Décio Lima: O único confronto armado que pode ter no nosso país são os das milícias. Aliás, não vai ser em 2022, já está acontecendo. Onde está Marielle, os desaparecimentos de várias pessoas que tem sido objeto de notícias. Esse é um processo já em curso no nosso país. O mau aqui está banalizado. Este é um confronto de manhã, tarde e noite visível na sociedade brasileira. Nós não fizemos parte disso porque nós acreditamos na paz, no amor, na solidariedade, nós defendemos a vida como nenhum outro partido defende, principalmente neste momento de crise sanitária. Esse confronto lamentavelmente existe e eu acredito que em 2022, com a nossa vitória na Presidência da República, nós vamos interromper a possiblidade do agravamento deste processo contra o povo brasileiro e estabelecer um ambiente de paz, de ternura e de muita solidariedade.


Schettini: O Brasil que sair das urnas, não é um estopim?

Décio Lima: Eu vejo como a única saída as urnas, a democracia e o respeito pelo seu resultado. Entretanto, nós temos que recuperar a crença de ontem do povo brasileiro com a democracia. Nós temos que fazer com que o povo brasileiro participe com intensidade no processo democrático. É a única forma de nós lapidarmos a democracia brasileira. Não há outra saída senão através do processo democrático. Eu sou um democrata por natura e acredito na democracia e que jamais ela será um estopim. Ela é sim o campo de solução para que nós possamos harmonizar definidamente as relações democrática, as instituições e a vida do nosso Brasil. Precisamos eleger um presidente democrático, que una o país em torno de um projeto que permita todos e todas voltarem a ter perspectiva de futuro. Chega de irresponsabilidade, incompetência e negacionismo.

Schettini: O Sr. é candidato a governador?

Décio Lima: Ainda não iniciamos internamente esse debate das candidaturas das eleições de 2022. Estamos numa fase de reorganização interna, de aglutinação, de estabelecer um processo de unidade e também de fazermos as interlocuções que são imperiosas numa política de alianças. Já demos saltos qualitativos nesse processo, como foi o exemplo de Florianópolis, e acredito que nós vamos avançar para termos uma frente democrática em Santa Catarina, dos quais, não só PT, mas vários partidos poderão e deverão se aglutinar para apresentar um projeto consistente, confiável e que toque o coração do povo de Santa Catarina. Isso tudo é importante, muito mais importante que alguém se afirmar neste momento com qualquer candidatura.
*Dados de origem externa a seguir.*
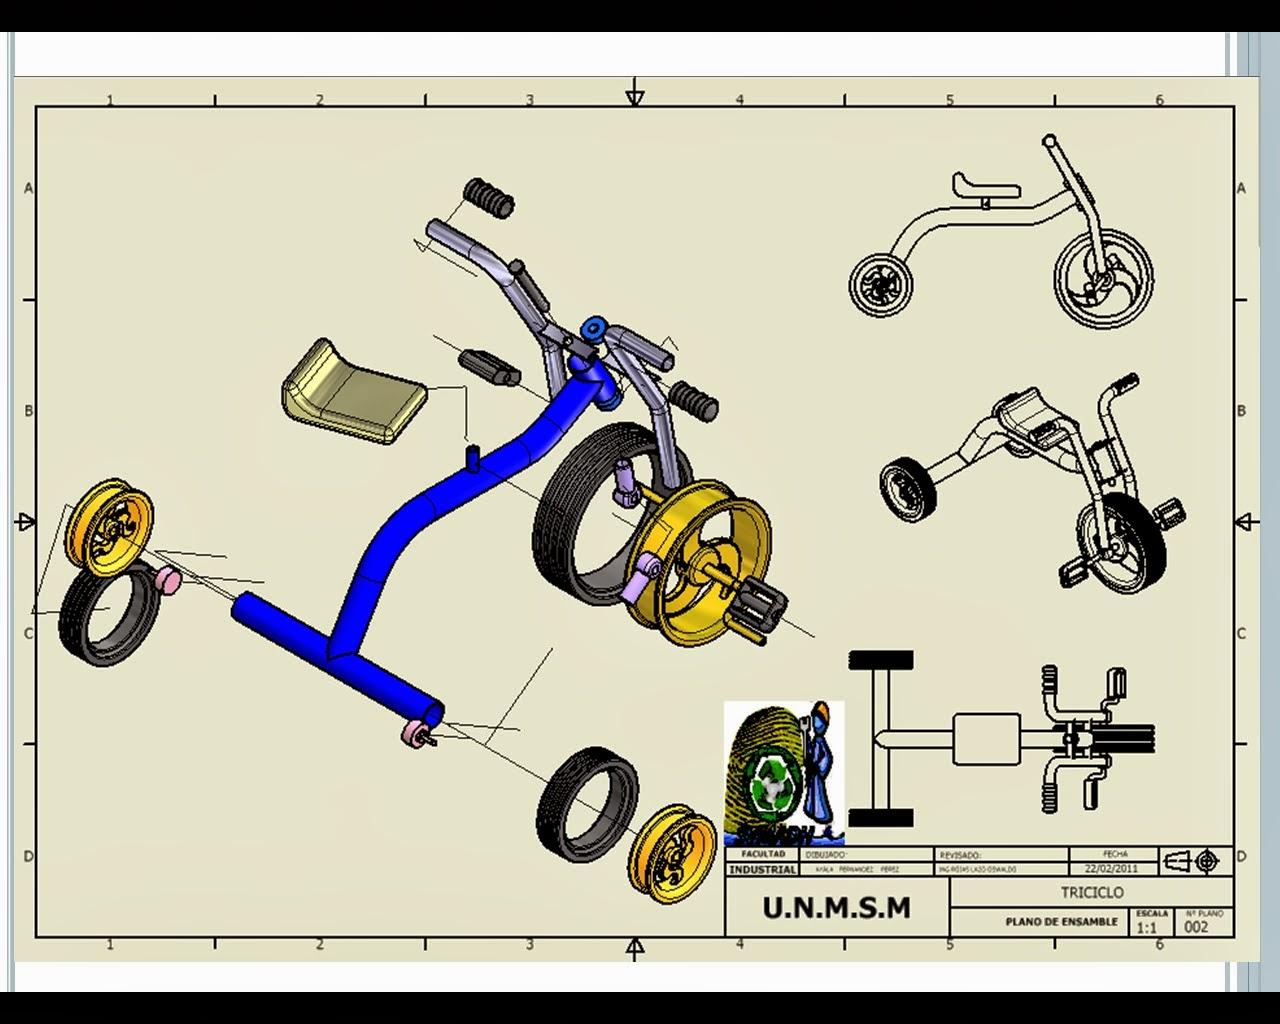 Triciclo infantil piezas esnamble explosi n y planos en for Paginas para crear planos
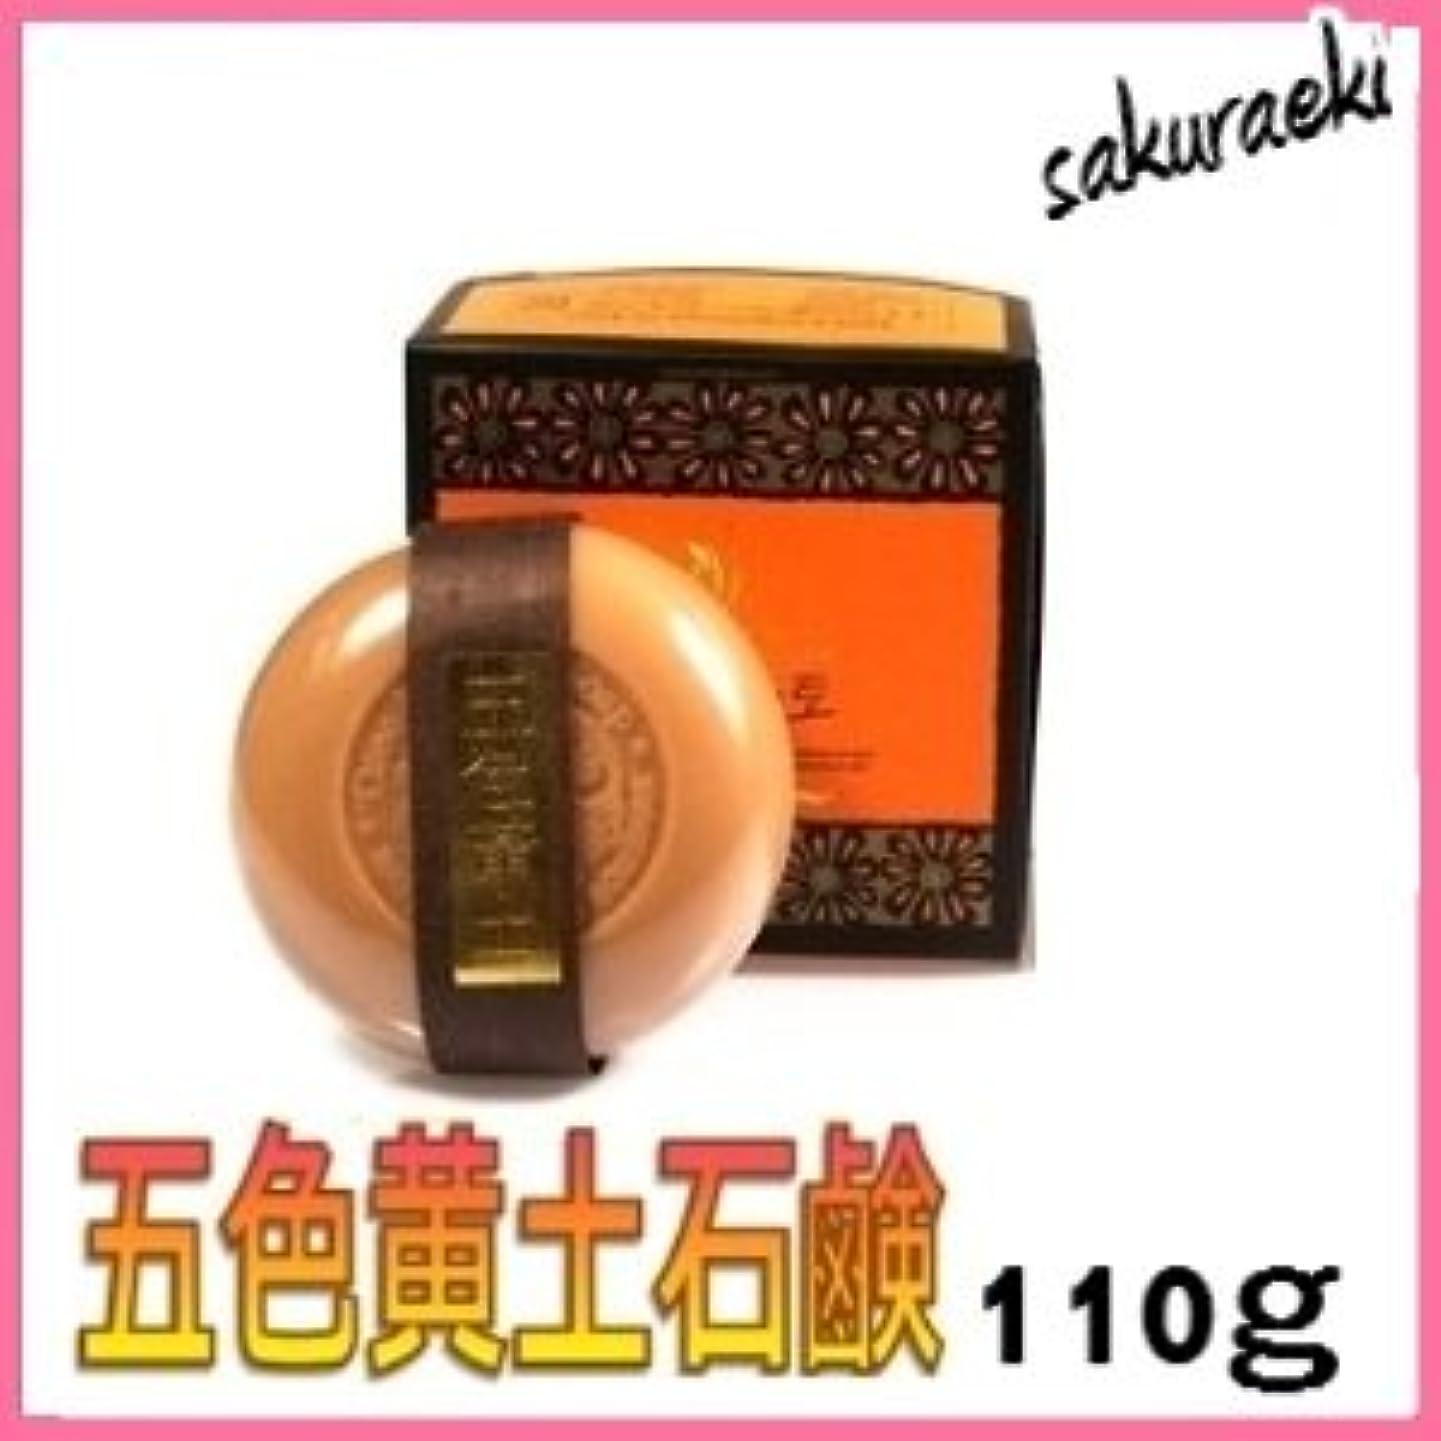 事実上廃止する硬化する韓国 天然五色 黄土石鹸 110g【韓国コスメ】

Portanto, vamos primeiro cumprir essa tarefa para depois pensarmos naqueles que poderão protagonizar.


Schettini: O que a pandemia revelou?

Décio Lima: A pandemia revelou algo muito perigoso para nosso país: o negacionismo. As pessoas que negam a ciência e com isso vulnerabilizam a vida. As pessoas se revelam totalmente irresponsáveis, como é esse presidente da República com a vida daqueles que ele deveria estar cuidando. O pior é que isso contamina o pensamento. Essa movimentação de um presidente da República numa direção com mentiras como a cloroquina e todos esses processos que são muito obscuros, porque visivelmente se revela interesses econômicos e laboratoriais e, portanto, estão no limite de serem criminosos, inclusive. A pandemia revelou esse caráter infelizmente sujo desta onda fascista que tomou o coração de muitos brasileiros bons. Revelou o despreparo, incompetência e fragilidade do governo Federal e Estadual, especialmente. Mas eu acredito que todos temos recuperação. Eu acredito que o Brasil sairá mais forte dessa pandemia. Ela também está ensinando para todos nós a importância da solidariedade e do cuidado com a vida e não com as coisas. De valorizar o tempo, de pensar em valores que são os que nos mantém vivos do ponto de vista da existência da humanidade, valores do amor, carinho e da confiança, de que nós haveremos de construir um mundo ainda melhor. Então, eu acredito que o Brasil vai sair ainda mais forte, embora a indiferença de um governo que é responsável sim, direto, porque hoje nós poderíamos ter muito menos contaminação e menos mortes se nós tivéssemos um governo que produzisse um estado social e preocupado com a vida. Mas mesmo com tudo isso, com este crime, nós vamos sair muito melhores. Essa dor vai nos ensinar, com certeza, a sermos maiores do ponto de vista dos valores humanistas.